L’avenir nous dira si les occidentaux souhaitent sincèrement et enfin qu’un Etat démocratique arabe voit le jour, quelque soit le choix du peuple. Ou bien préfèreront-ils se contenter encore et toujours en Tunisie d’un nouveau régime autoritaire pervers et corrompu, à l’algérienne, en lieu et place de la dictature de Ben Ali.

Pour ce qui est des voisins algériens et marocains, ainsi que des autres Etats arabes, il est indéniable que ce dernier épisode provenant de la rue devra et sera sérieusement médité. Mais les mauvaises habitudes ont malheureusement la vie dure. Car malgré les mouvements spontanés des populations arabes qui suivent celui de Tunisie, il faudra certainement encore beaucoup de temps avant de voir des résultats tangibles. Le royaume du Maroc et l’Algérie voisins, malgré de grosses similarités avec la Tunisie, gardent leur propres spécificités politiques. Il est peu probable que Mohamed-VI cesse d’aussitôt sa politique de la peur conduite d’une main de fer dans un gant de velours. Et les généraux à Alger ne sont surement pas plus enclins à ouvrir l’arène politique, et par là même, remettre en cause leurs privilèges économiques aussi facilement.

Pour l’heure, le peuple tunisien, tout en savourant cette victoire historique, doit rester vigilant et ne pas se laisser influencer et manipuler par de belles paroles et promesses, ainsi que les discours alarmistes provenant en particulier de l’extérieur.

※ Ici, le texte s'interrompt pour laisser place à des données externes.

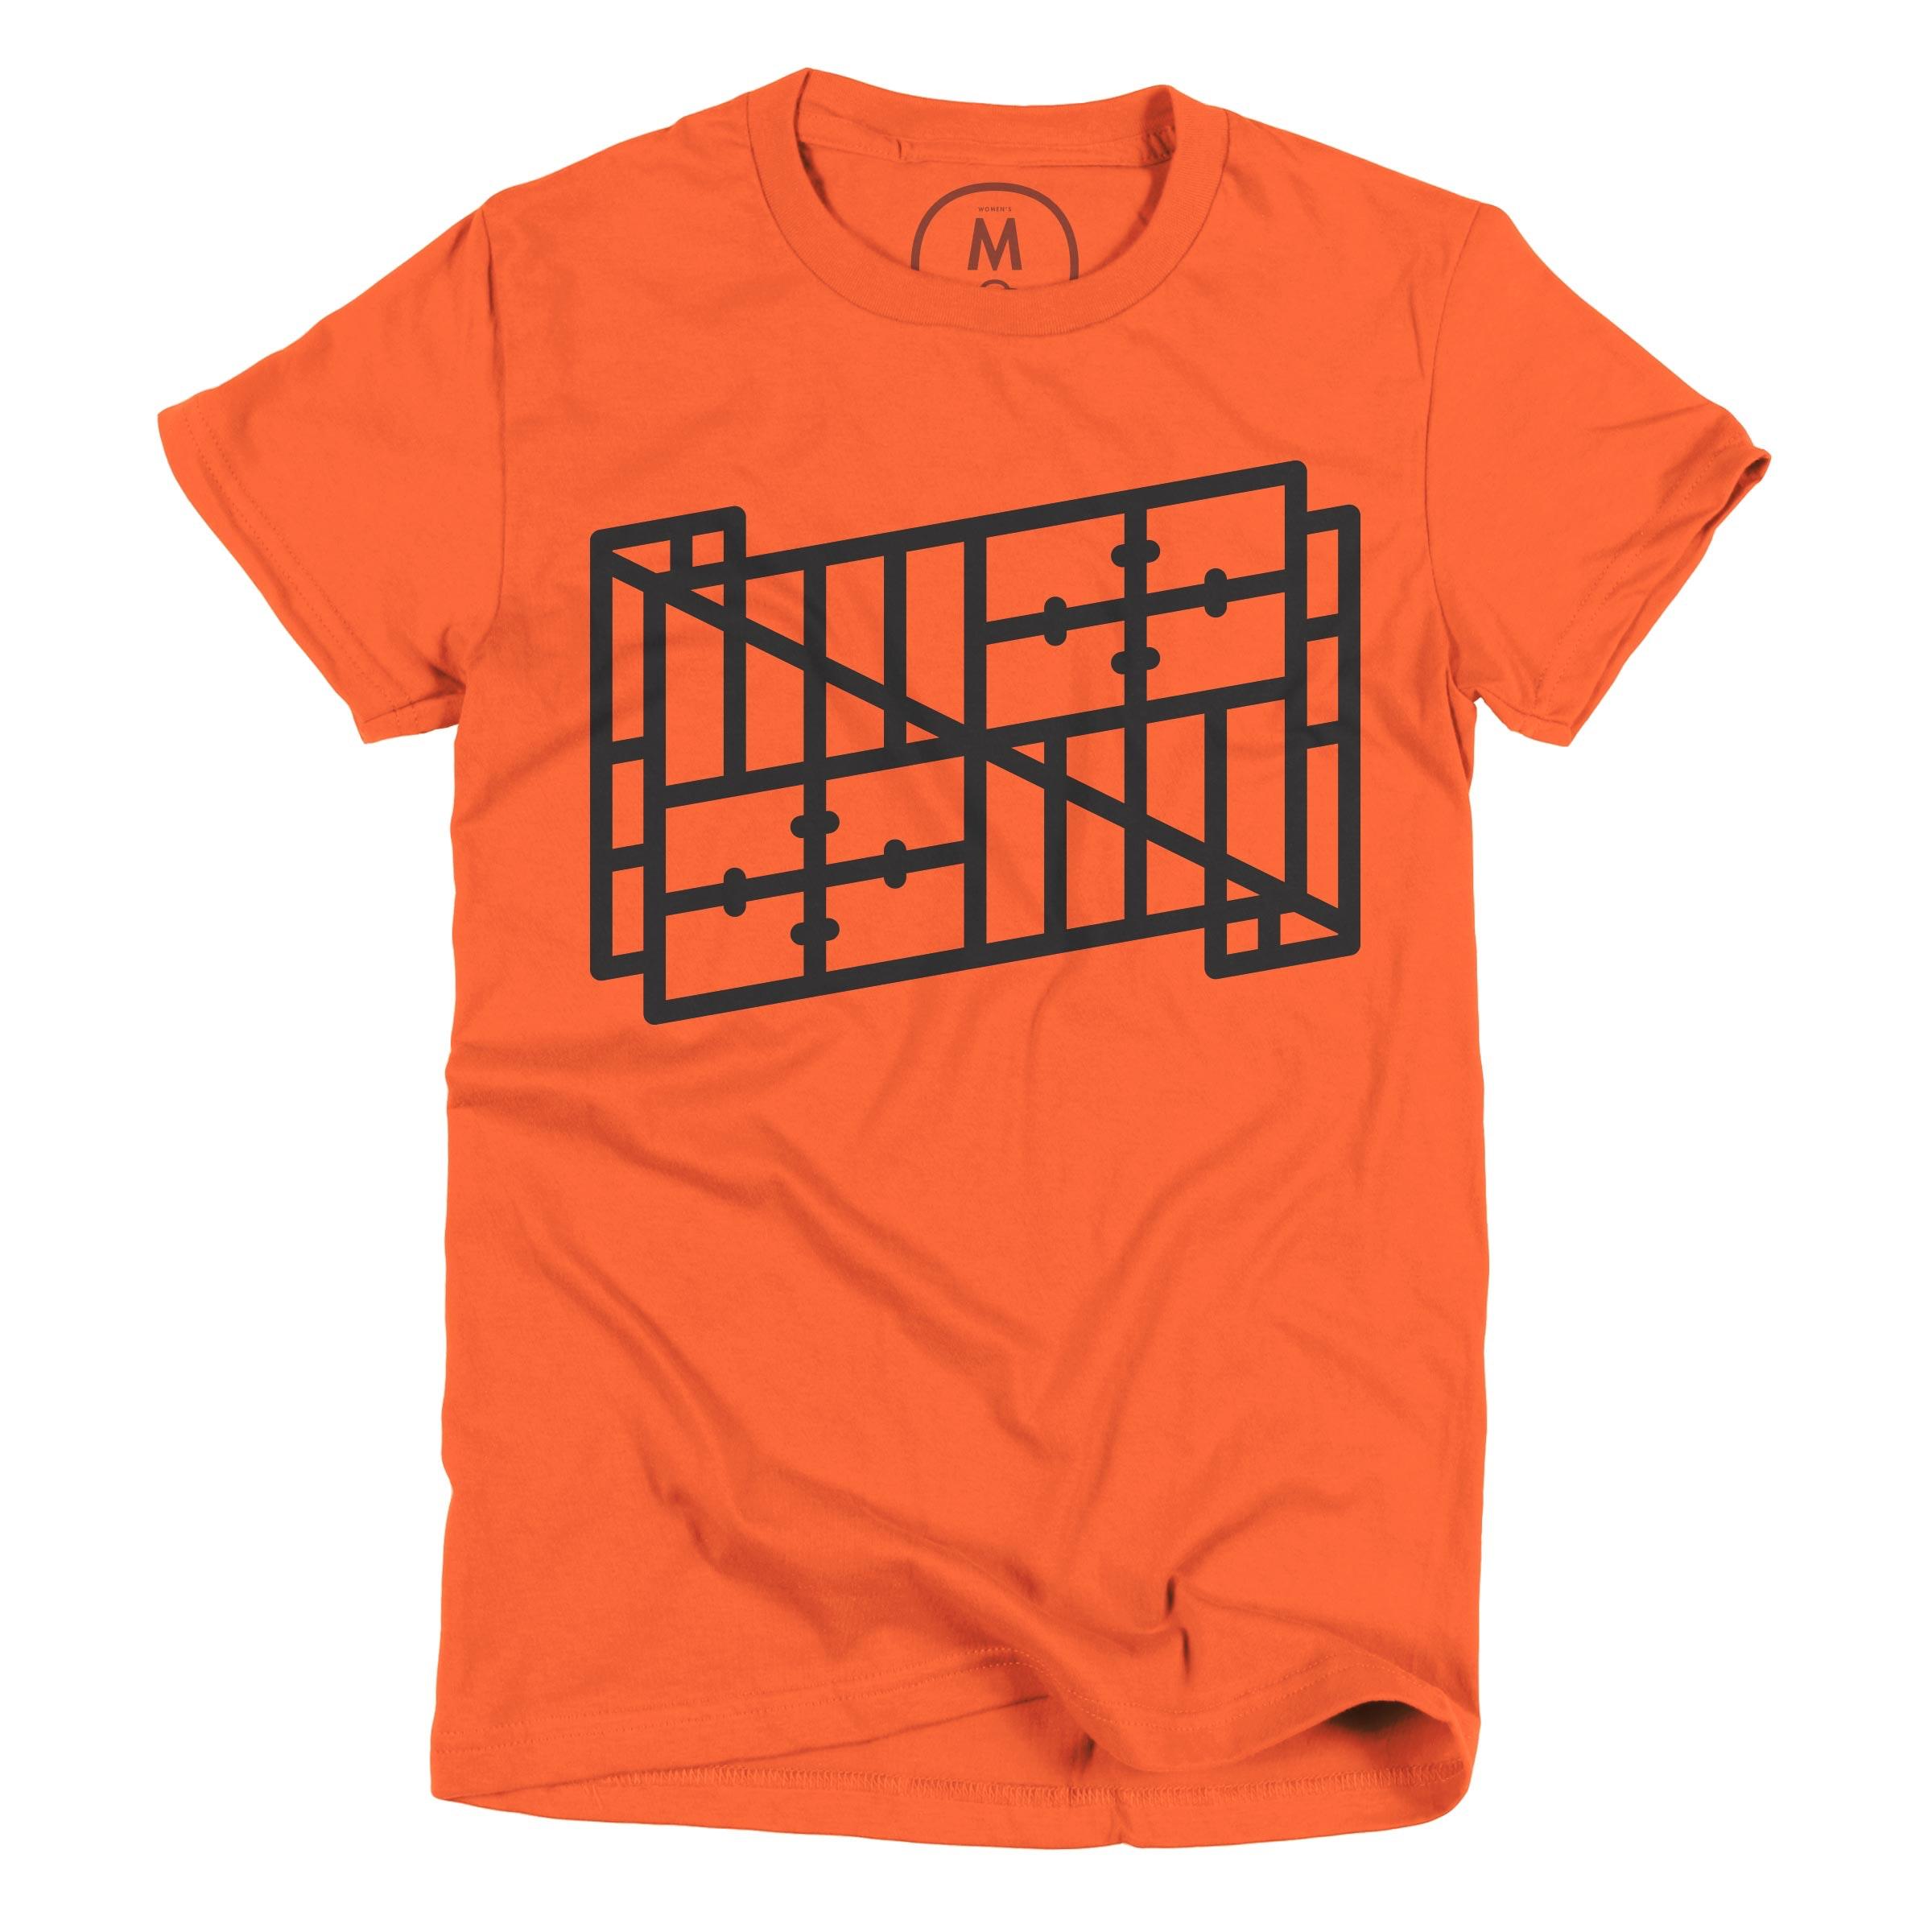 Charming Orange (Women's)

Leur destin leur appartient. Les donneurs de leçons de tous bords européens et autres ne sont nullement responsables du vent de liberté qui souffle chez eux aujourd’hui. Le peuple tunisien ne doit laisser personne lui voler et s’accaparer le mérite de son action.

Abdelkader Abderrahmane, analyste spécialiste de l’Afrique du Nord.